Habits change slowly. But for publishers the many advantages of print-on-demand (POD) technology are becoming irresistible. POD brings just-in-time business techniques to publishing, and moves production away from giant printing establishments to smaller, quicker and closer ones. Now, theoretically, a publisher’s inventory need consist only of, say, pdf files stored on a secure server. This means that the publisher can print exactly as many books as his customers need when they need them, and doesn’t have to warehouse anything. If a bookshop owner says, I want 10 copies of XYZ book in normal format and five in large-text format tomorrow, it can be done.

Before POD has properly kicked in, however, a much greater decentralisation is already afoot. Ten years ago, a respected 40-year publishing veteran named Jason Epstein (then aged 71) delivered a series of lectures at the New York Public Library in which he said that what was really needed was a “book ATM”, a machine which would convert computer files into conventional paperbacks in a few minutes. Such a machine, if affordable, portable and ubiquitous, would, he said, revolutionise the book trade.

Epstein founded On Demand Books in 2003, which built the Espresso Book Machine (EBM). The EBM, like Gutenberg’s press, combines existing technology in a novel way to print text and cover and then bind and trim one book at a time.
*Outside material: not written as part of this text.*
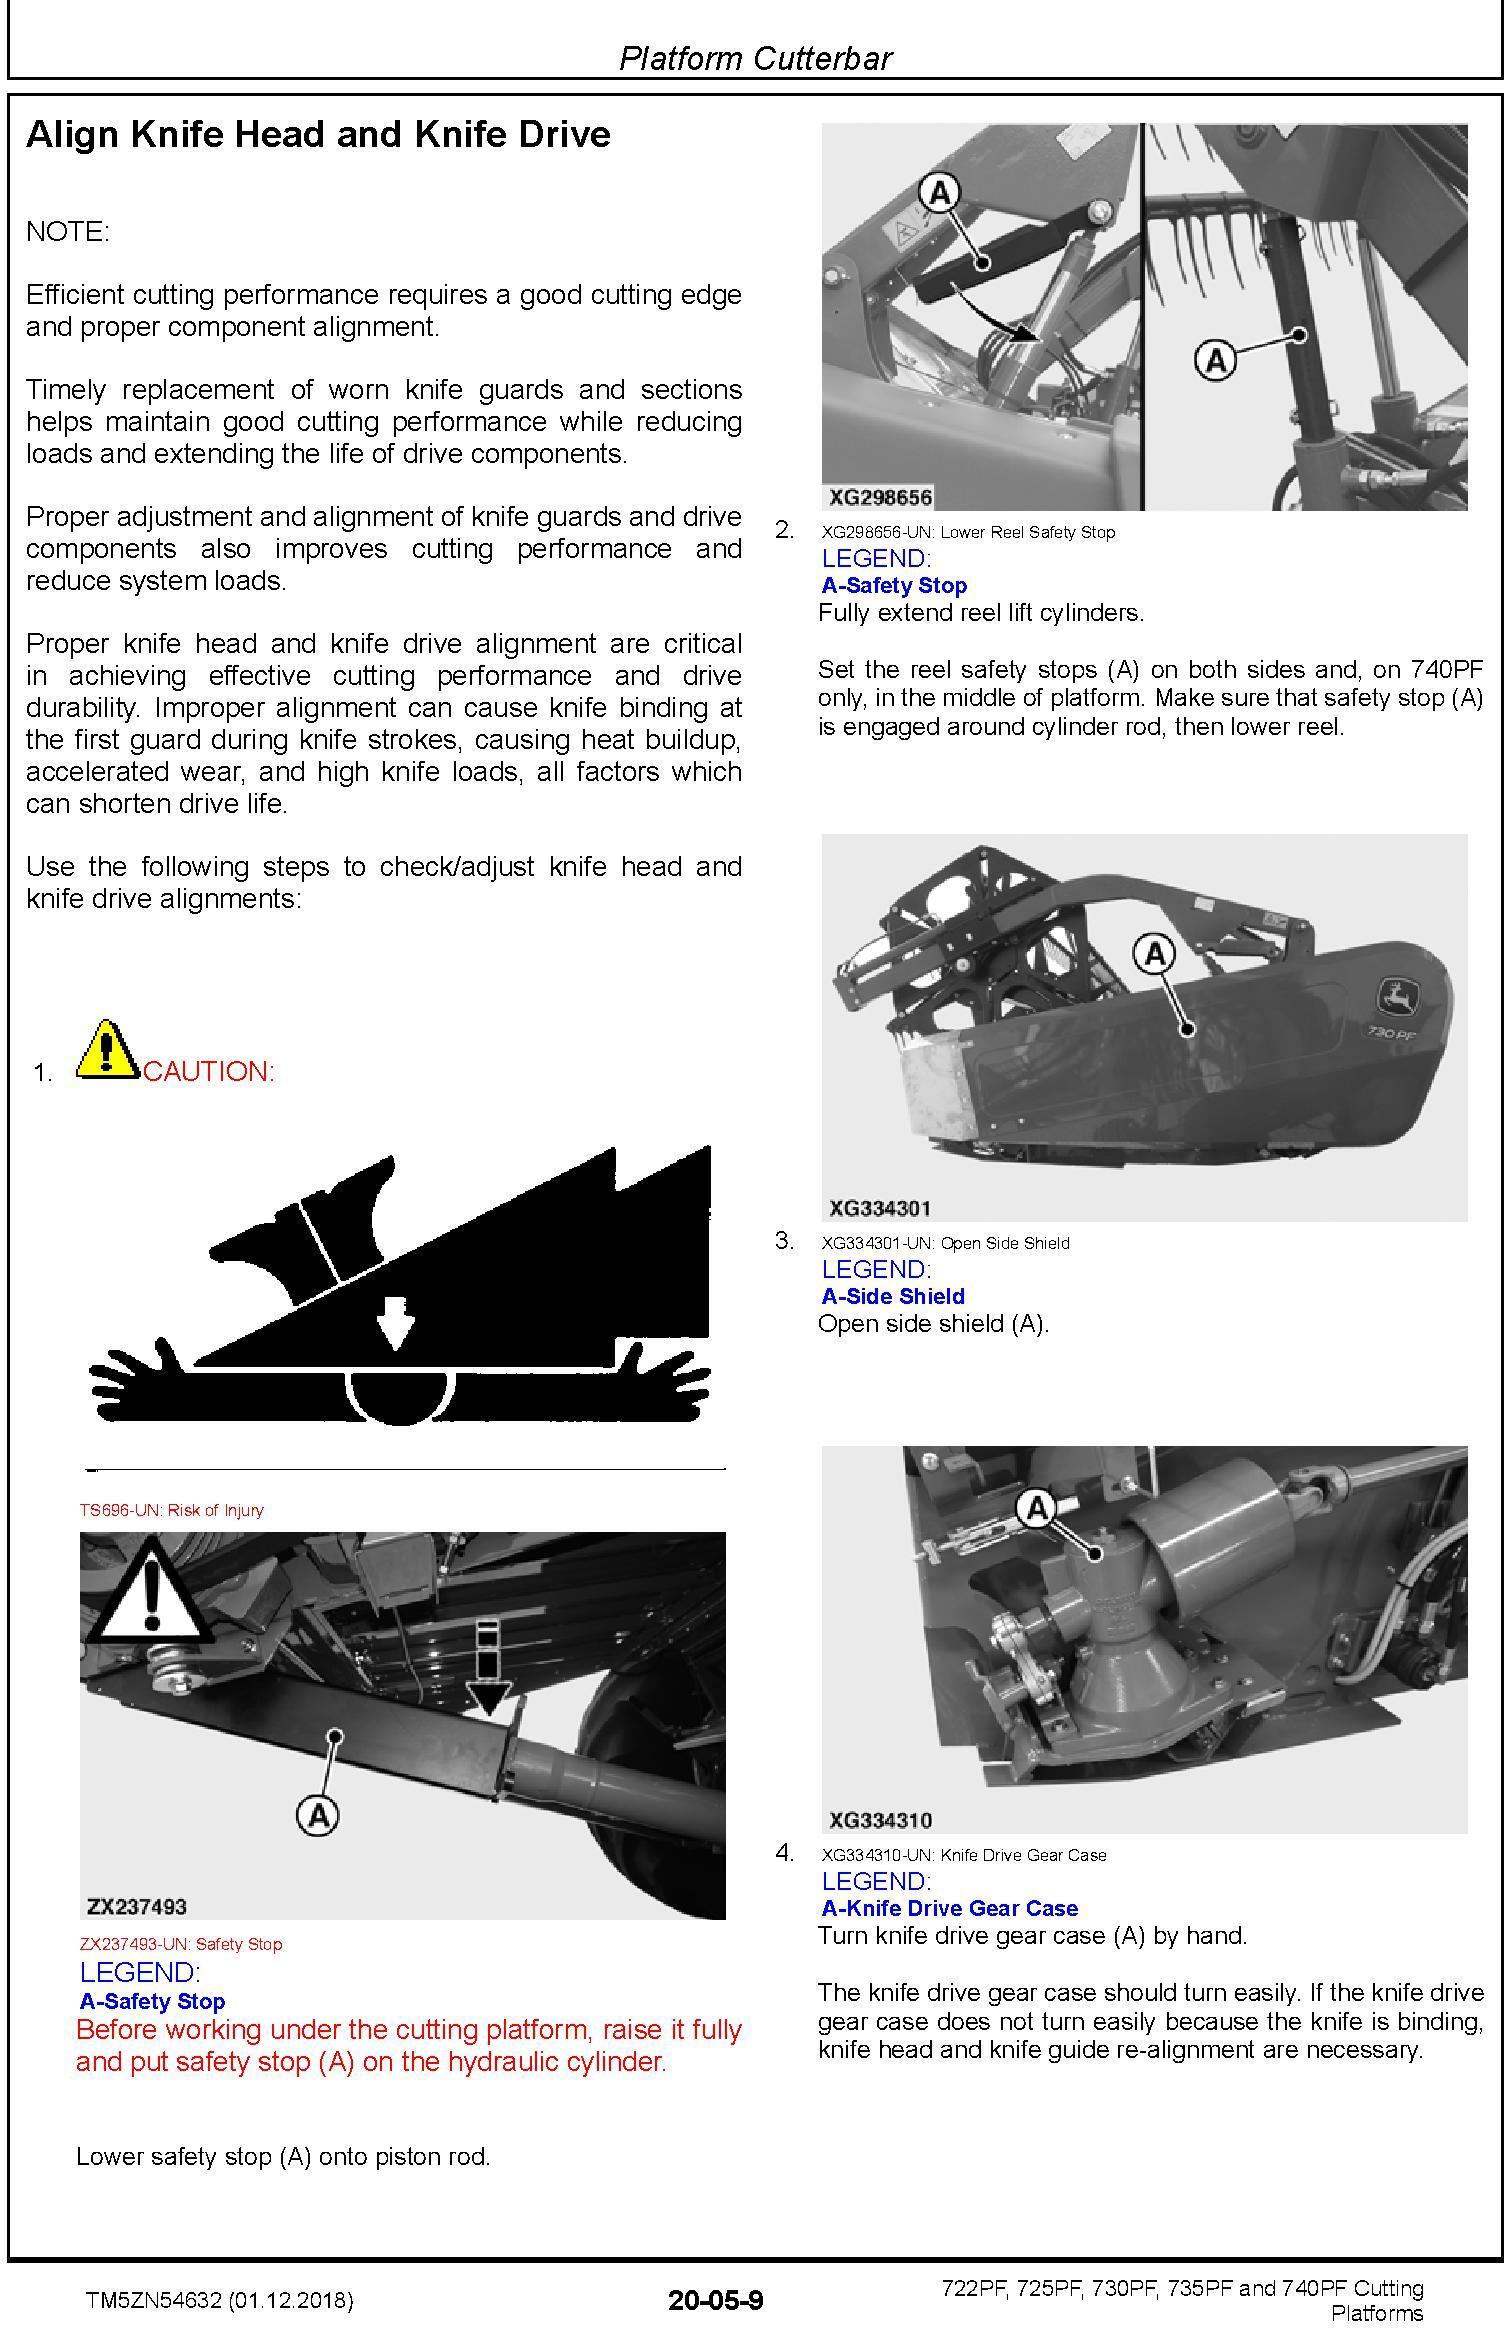 John Deere 722PF, 725PF, 730PF, 735PF and 740PF Cutting Platforms Technical Manual (TM5ZN54632) - 2

Early versions — large, ugly, imperfect — sit in a few American universities and in the New Library of Alexandria, printing mostly old books now in the public domain.

Just recently Epstein’s company unveiled EBM 2.0. It looks no worse than a big photocopier, and turns out a 300-page book in four minutes. It costs $175,000, but large bookshops are beginning to take it up. For the moment, it will still print out-of-copyright titles (half a million are on file), but that will change. For one, the opportunities for customisation are infinite — everything from format to contents is open to rearrangement. (Make your own essay collection.)

The EBM, Epstein says in a historically informed, exhilaratingly speculative and, of course, strongly inflationary lecture delivered this year (available at OnDemandBooks.com; I urge you to read it), is the book wave of the future — not expensive handheld “readers” like Amazon’s Kindle, which, the better they get, more closely approximate the conventional codex, or book. To Epstein, the EBM works for all involved, from publishers and authors, whose revenues can still be protected, to small booksellers, who can potentially carry millions of titles without an inch of shelf space, to individual readers.

All true, but is this indeed decentralisation? If Epstein succeeds, our civilisational library, new books in particular, will exist in just one place — online — or as disposable paperbacks. Is this wise? How eternal is online, really?